One such instant, I remember clear as a crystal is when my father let out a scream, shaken up by a nightmare one fine afternoon when we were back in Jaisalmer. The city shares its fair share of regular sandstorms. So maybe his dream could have been a result of it.

I was only a child then, buried in my favourite books. My dad had dozed off resting after a heavy lunch. I was sitting next to him, as he snored on the bed sleeping. Shaken up, when my Dad hooted out a shout, I found him wide awake, escaping from the nightmare he might have indulged himself into unknowingly.

I inquired:

“What’s the matter Dad?”

He said it was just a dream. A bad dream. I asked,

“What was it about?”

He said it might scare me and that I should not cling to it. But the adamant child I was, I beseeched until he gave in. He told me only a part of it, which wasn’t actually scary. But a child’s imagination makes everything akin reality. I have imagined and re-imagined it so many times before that it has lodged itself in my memory. Funny how I never forget anything!


He said he was in his room when the door burst open, and a squall zoomed in. A dark misty whirlwind that tore the curtains down and rampaged past towards us, and that we (my elder brother and I) started screaming at the top of our voices.

“Papa! Papa!”

Our father was right there, surprised at the impending commotion that threatened his family. He instinctively sprang up to face the vortex, so that it wouldn’t hurt us. A trickle of fear tumbled down his forehead at the oddity of the thing.


The dust devil seemed unstoppable as it closed in on our dad. As it approached him, my father with all his might punched it. To his surprise, it metamorphosed into dust and fell right there. It could have been that very moment, my father let out a shriek of shock that probably brought him back from his nightmare.

Something, huh!

When my little head pondered as to why something like that would be shown, my father wrote me off with a

“It was just a dream.”

And that he had his hand on his chest, which acts like a trigger for nightmares.


Dreams don’t have an agenda.

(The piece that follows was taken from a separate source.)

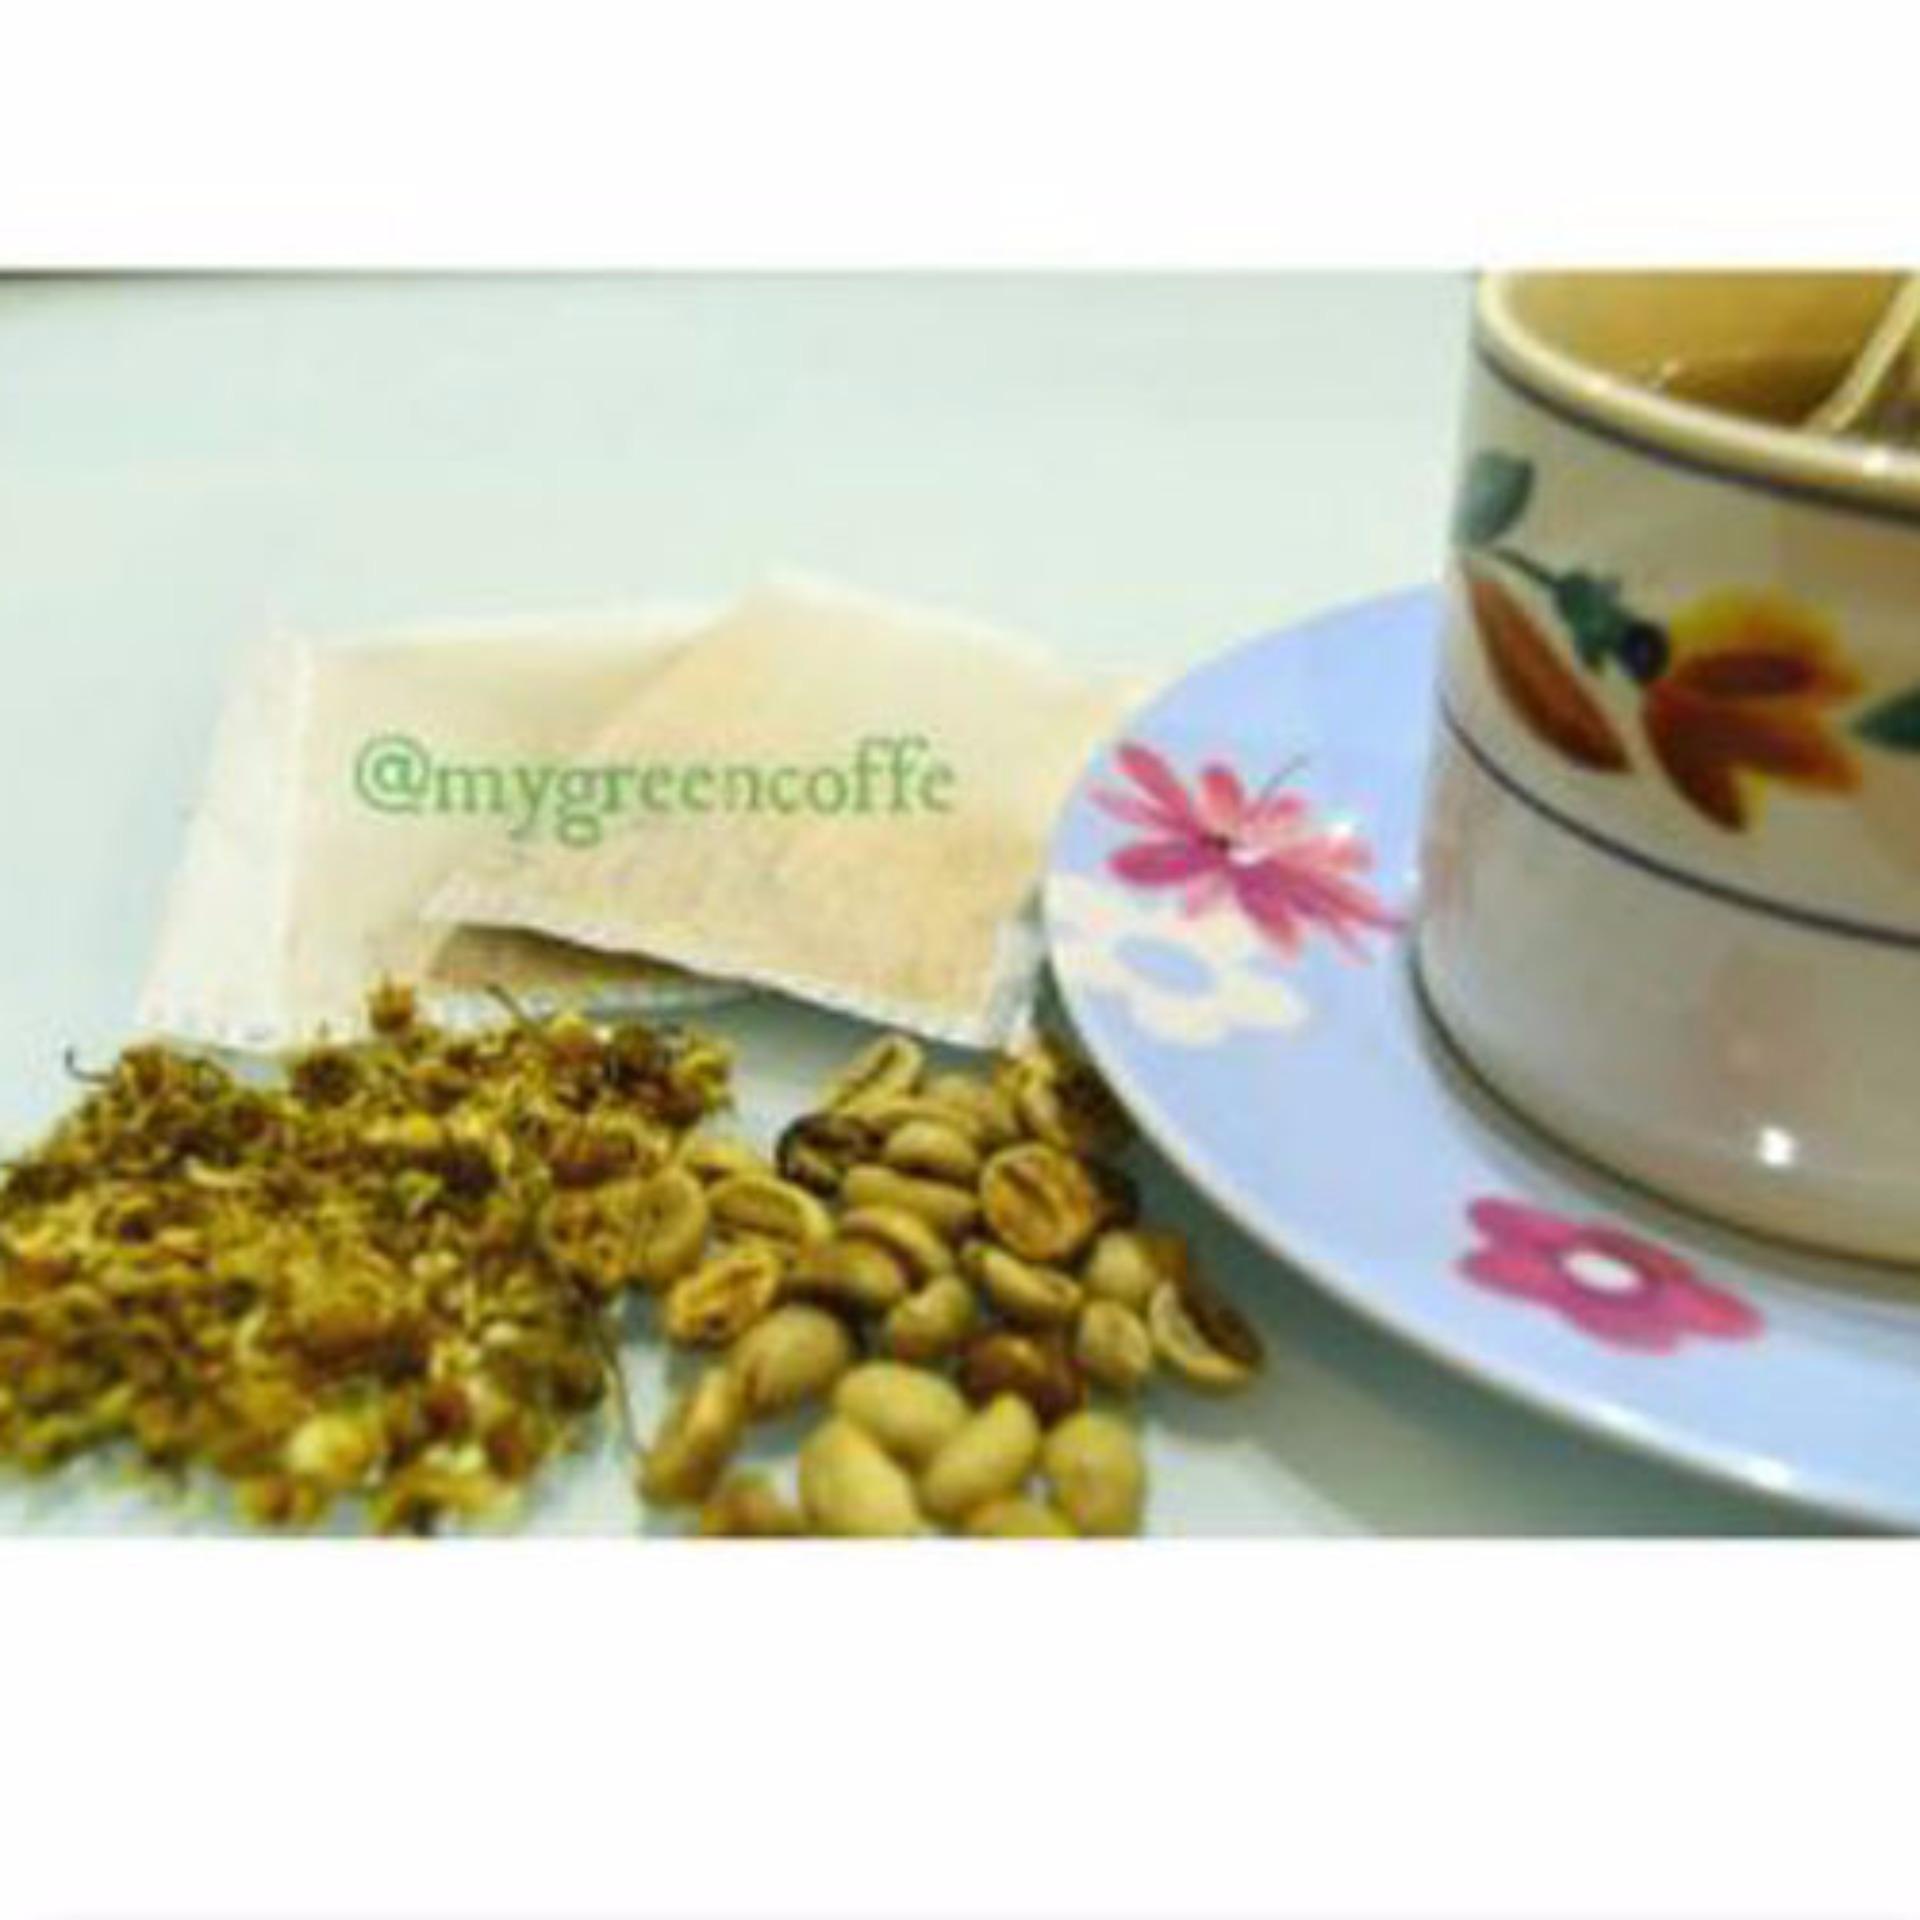 Green Coffe Powder Ovj My Coffee Bubuk Kopi Hijau Kopidiet Diet Alami Bean 200gr Dan Source Biji Berat 1kg

They depict the most bizarre of incidents. If only we had a surefire method to figure out the true purpose of dreaming, a sure shot way to understand and unveil methods of dream interpretation, things would be less hazy.

There are dream symbols sometimes that end up giving you déjà vu if you see them in reality. But there is nothing we can connect them to, and they end up getting lost like weak memories.